While the functions of the extracellular space are very important for the proper functioning of the brain, many questions about its structure are still unknown. The physical scale of the extracellular space is on the order of tens of nanometers, which means that the investigation of the processes that occur and their structures cannot be done directly. For this reason, Dr. Miguel Tomé is trying to develop a computer simulator to help test the stated hypotheses.

Last year, Dr. Miguel Tomé was on a research stay in New York, in the laboratory of Dr. Sabina Hrabetova at SUNY Downstate, to learn and study how the extracellular space is investigated in vivo. During his stay, in addition to receiving training from Dr. Hrabetova, he also received mentoring from Dr. Charles Nicholson, one of the historic pioneers in the study of the extracellular space. Dr. Nicholson helped to develop 3D Brownian motion and the experimental methods used to measure extracellular space and its characteristics.

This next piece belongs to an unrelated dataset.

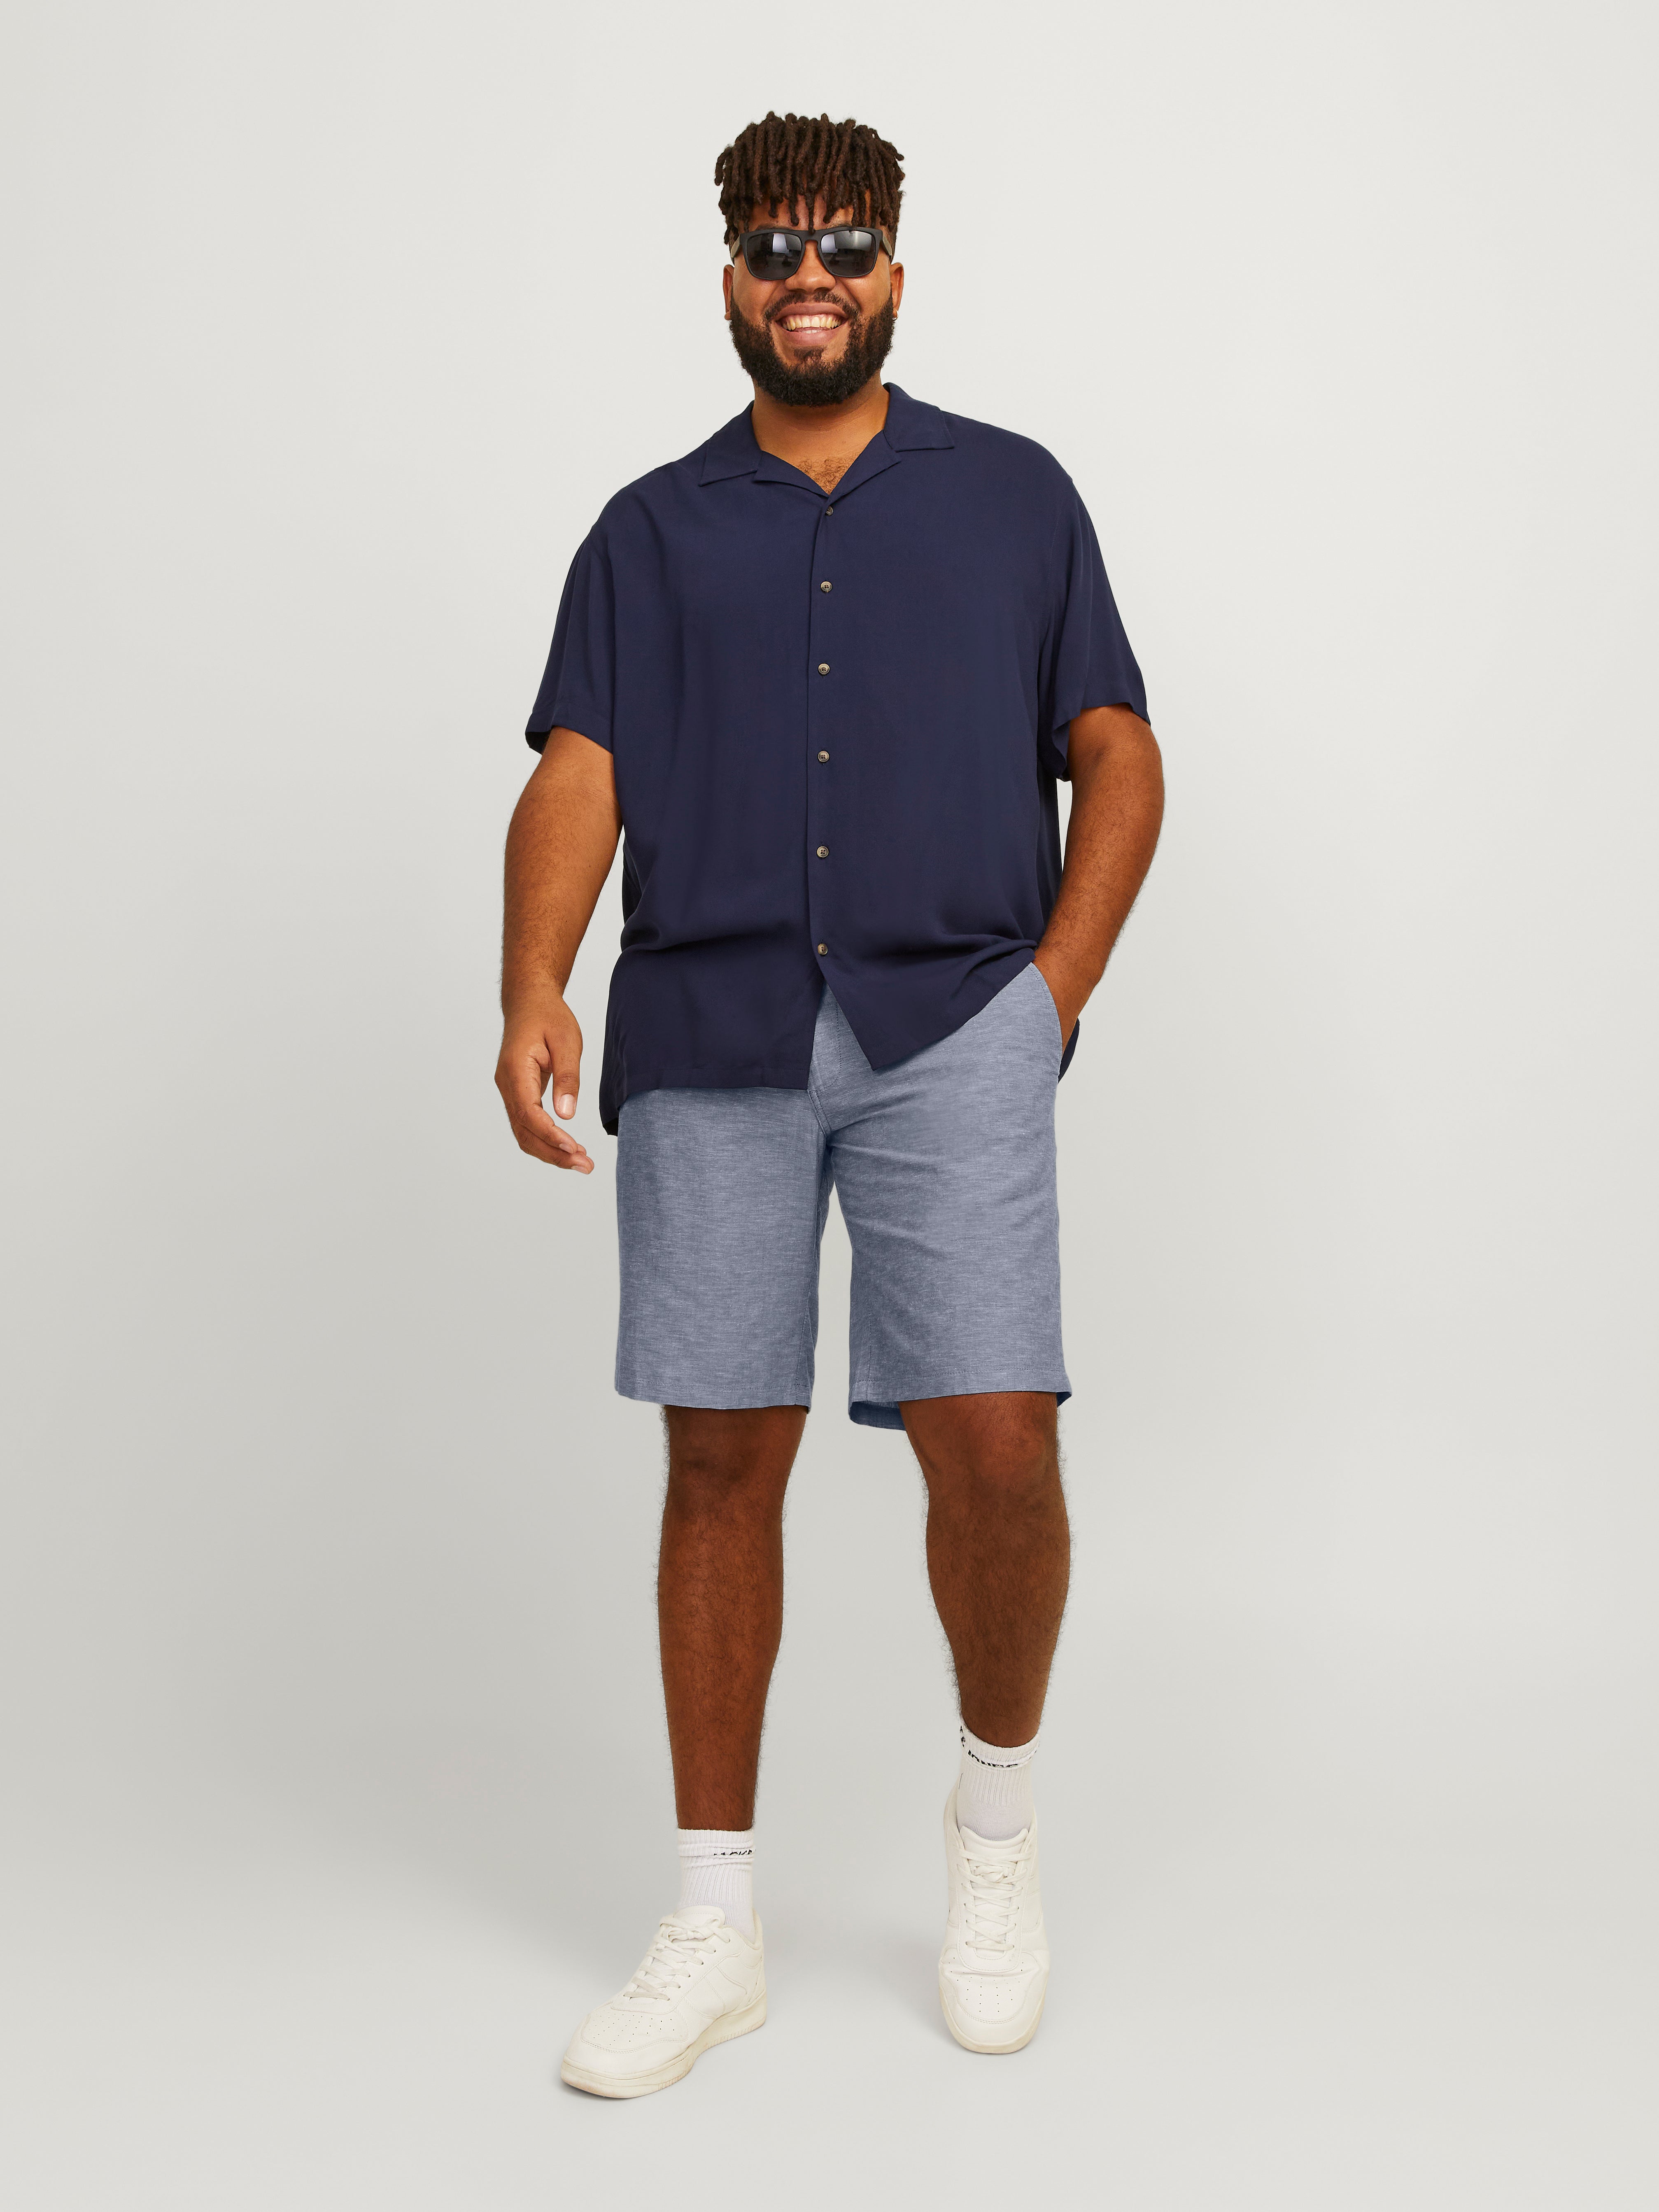 Plus Size Tapered Fit Calções Chino

Performing a simulation of how substances move through the brain involves tackling the problem of the vast amount of resources that would be needed to do so. For example, finding the positions of 1mg molecules of benzodiazepines would require more than 28 million TB of RAM memory. Dr. Miguel Tomé's project consists in the development of a prototype simulator called HAPS (Hybrid advanced particles simulator). HAPS will implement a two-level hybrid architecture designed to overcome the barrier posed by the amount of RAM required for a direct simulation of the movement of molecules.  The first level will perform a simulation of each particle, while the second level will use probability distributions to determine the motion of the particles.

In addition to the functions of the extracellular space of the brain and the techniques used to investigate it in vivo, Dr. Miguel Tomé explained in his lecture how he is developing HAPS, from the generation of Brownian motion to the importance of data structure for simulation efficiency.

Dr. Miguel Tomé's HESSP project (Hippocampus Extracellular Space Simulator Project) has received funding from the European Union's Horizon 2020 research and innovation program under funding agreement No. 898052.